The Cat Who Misses His Family

There are four pictures on the door to my mother's room. Cut from the last calendar she hung in her home these pictures are drawings of cats, her favorite animal. Her cats rest against the backgrounds of the four seasons, and daily she mentions to me how much she likes to look at them. I like them, too, although we disagree on which one we like best (for me it's winter, she claims summer).

We play a game with these cats, a "Which One's Your Favorite" game. I watch her look at them in the same way you look at a newly hung picture on your living room wall, a studious look, a look that gives thought to placement, balance, color. She does this every afternoon and even though I choose a different cat each time, she does not. She always chooses the cat of Summer.

In this picture her cat has yellow yarn wrapped around his paw, the ball sits to his left. In the window behind him, daisies and sunshine. She likes this cat because to her he is sad, visibly sad with eyes focused on the yarn. She watches him as I ask why he is her favorite. Her answer, "Because they've gone to the beach without him and he knows it."

Her ability to weave a story, to imagine stories behind pictures appeals to me and I ask her about the others.

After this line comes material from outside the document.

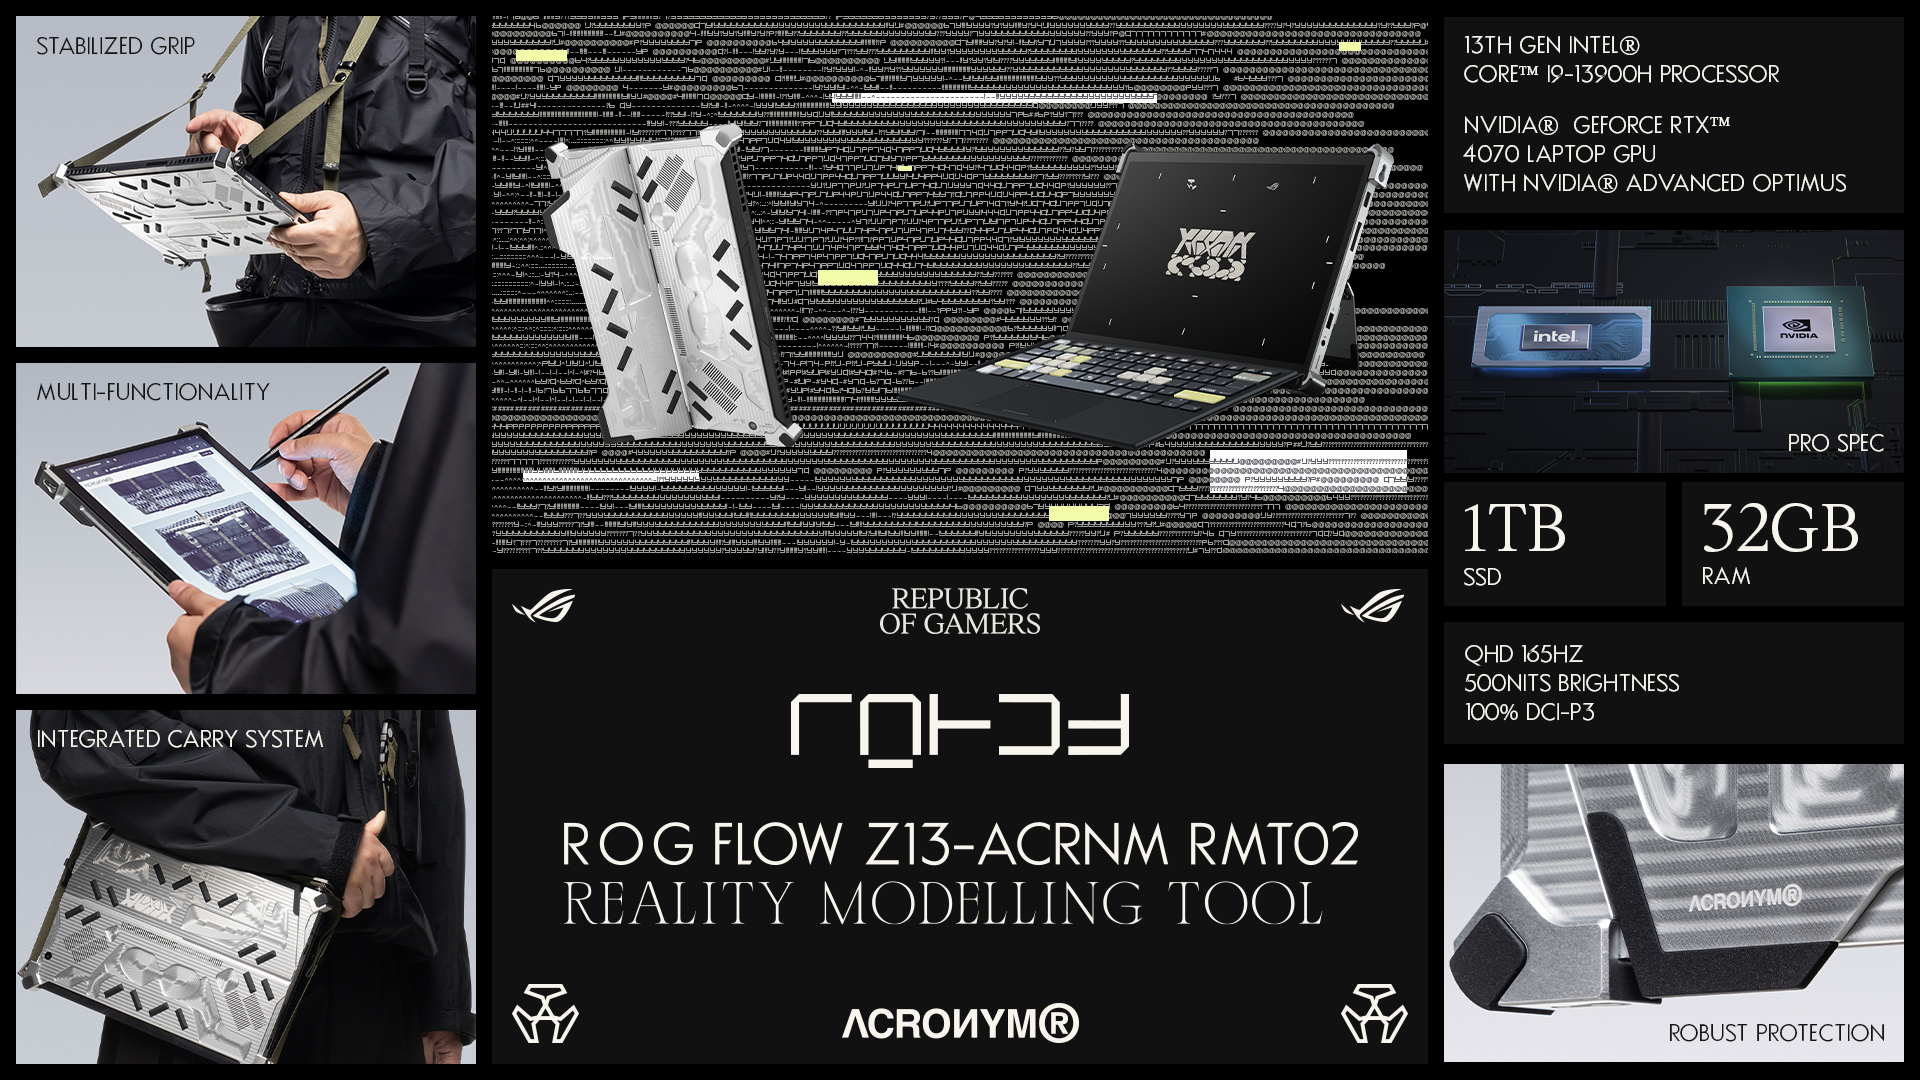 Limited Edition ASUS ROG Flow Z13-ACRMN RMT02 Now Available With Exclusive Design 28

The Winter cat, staring at the cardinal through the window crusted with snow "wants to bite the bird". The Fall cat sitting in the basket of leaves "is happy", the Spring cat surrounded by tulips is "glad to be outside". The stories, her stories of her cats, as immobile as the pictures themselves fill some of our time together and with each day that passes these stories, her stories, remain between us. Between us and the cats.

Last night, when sleep wouldn't come for me, I thought about all she has forgotten and the new memories that fail to take hold in her. Her great-grandchildren, visitors, friends and even the staff who care for her day after day arrive new to her each day. But her cat, this summer cat with his sadness based in loneliness, she remembers. I can't help but wonder if she remembers this because it is what she lives and can't voice. That when we come into her room it is for fleeting moments, short-lived stretches of her life interrupted by extended hours without us. Those hours when we are at the beach without her and she knows it.